What to produce
Produce the listing below again, exactly as shown.

Data section
------------------------------------------------------------------------

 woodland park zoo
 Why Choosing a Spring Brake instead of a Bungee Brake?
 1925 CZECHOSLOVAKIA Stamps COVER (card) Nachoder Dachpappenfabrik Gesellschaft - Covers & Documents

------------------------------------------------------------------------

Output for this exercise
 woodland park zoo
 Why Choosing a Spring Brake instead of a Bungee Brake?
 1925 CZECHOSLOVAKIA Stamps COVER (card) Nachoder Dachpappenfabrik Gesellschaft - Covers & Documents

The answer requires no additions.